Any one of these stops a project. Most enterprises hit all three.

What Dataiku E2A does

Dataiku, the Platform for AI Success, has long focused on the hard part of enterprise AI: making systems that can operate reliably inside the complexity of real organizations. Agents don’t remove that complexity. They amplify it. The challenge is scaling business expertise through agents enterprises can trust to run. Dataiku E2A (Expert-to-Agent) helps organizations do exactly that.

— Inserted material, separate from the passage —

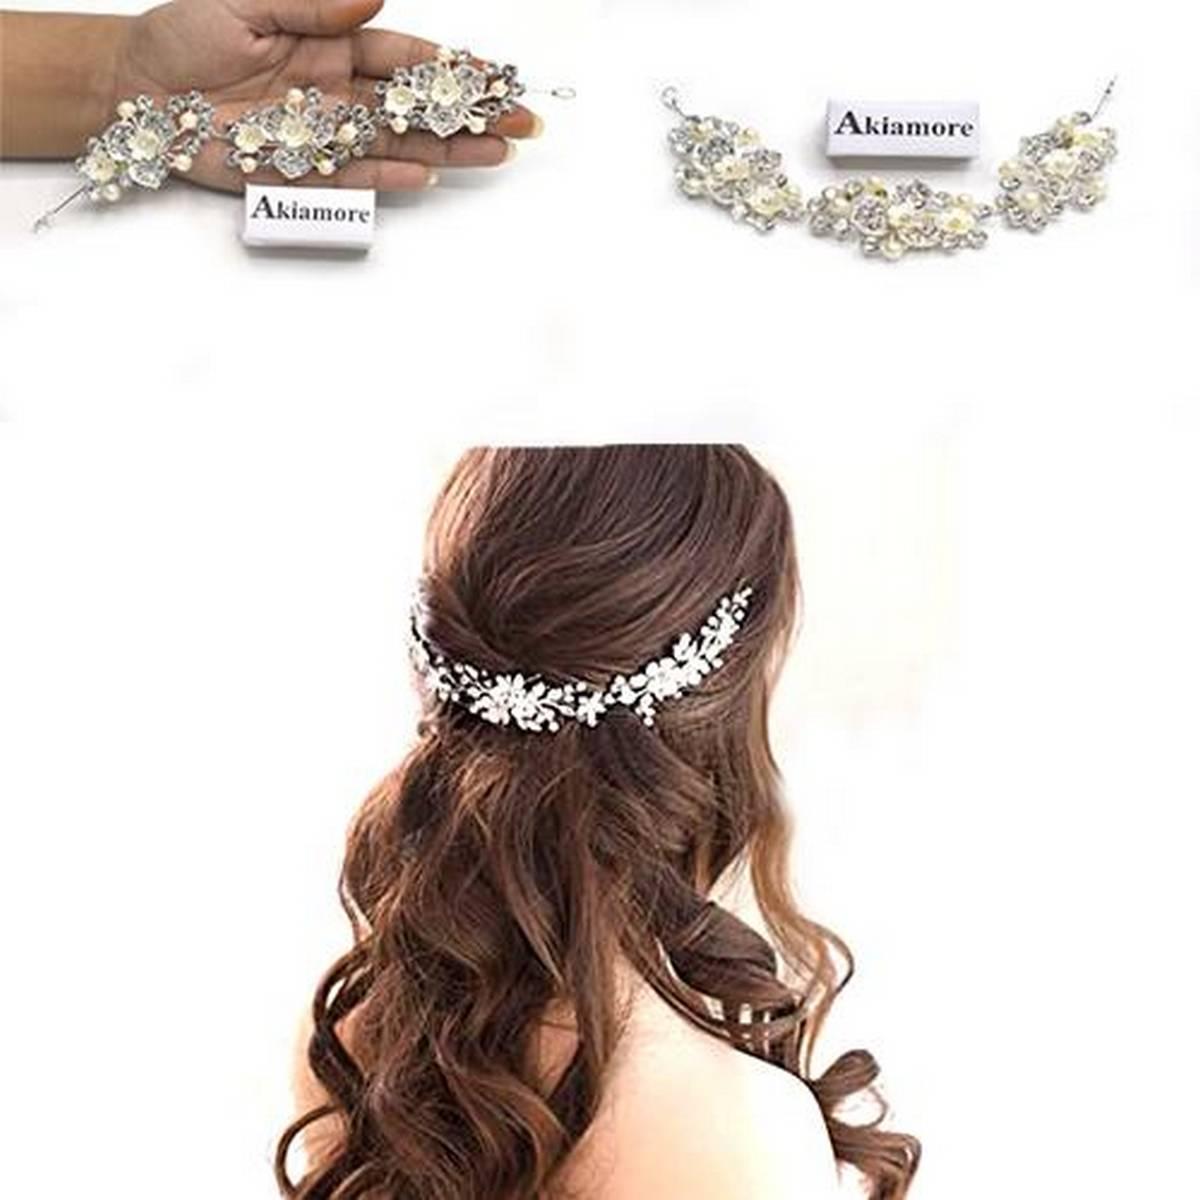 Crystal Pearl Hair Belt Wedding Bridal Hair Ornaments Hair Jewelry Decorations for Brides Wedding Hair Accessories

Dataiku E2A is the engine for turning business expertise into trusted AI agents — agents that can operate on real enterprise data, reflect how experienced operators actually make decisions, and be evaluated before they ever go live.

It works because three things sit in one place.

The subject matter expert designs the agent. In a visual interface, the procurement manager shapes how the agent works step by step — when to query the supplier database, when to apply a rule, when to call a forecasting model her team already trusts, when to escalate to a human. Instead of starting from raw code or a blank prompt, she works with governed building blocks managed by IT and AI teams. The result strikes the right balance between precision and ease of use: structured enough to encode the real logic behind her decisions, transparent enough that she can inspect and refine it over time.

The agent reaches production data on day one. Governed connectors link the agent to SAP, the supplier database, the quality system, and whatever else lives across cloud and on-prem environments — through the same secure credentials and access controls IT already runs. No sandboxes, no six-week access queues. The logic she designed runs on the real data, not a demo extract.

The agent gets tested before it ever goes live. This is the piece most teams underestimate. Inside Dataiku, the procurement manager reviews the agent with the AI team against last quarter's actual disruptions — the supplier that went dark in March, the quality issue at the Tier 2 plant, the contract renewal that almost slipped.

They watch the agent's decisions replay step by step, adjust a threshold where it's too conservative, and run it again. When she signs off, she's not approving a black box. She's approving a version of her own judgment that's been stress-tested against situations she's actually lived through. And because the evaluation and deployment controls already sit inside the platform, IT can operationalize the same checks in production instead of rebuilding them from scratch.

From the start, the work runs inside a platform IT already governs — with secure connections, user permissions, audit trails, and deployment controls built into the lifecycle. By the time the agent is ready for production, IT isn't reviewing a workaround. They're reviewing something that already operates within the policies and controls they put in place from day one.

The procurement manager builds the agent. It runs on live data. IT approves it. It handles 2,000 suppliers. She inspects the output weekly and tunes the logic when conditions change. At 3 a.m. on a public holiday, the agent makes the calls she would have made.

From one agent to a system

Vendor requalification is one process at one company. Once it works, the question changes from whether AI can run a process to being which one is next. E2A is built for that. Multi-agent orchestration coordinates workflows where several agents, models, and human checkpoints work together, across an entire ecosystem. Lifecycle management keeps every agent visible, evaluated, and accountable.

This is the shift we think matters. AI as a productivity layer made individuals slightly faster. AI as an operating layer that turns expert judgment into reliable, governed decisions at enterprise scale changes how enterprises run.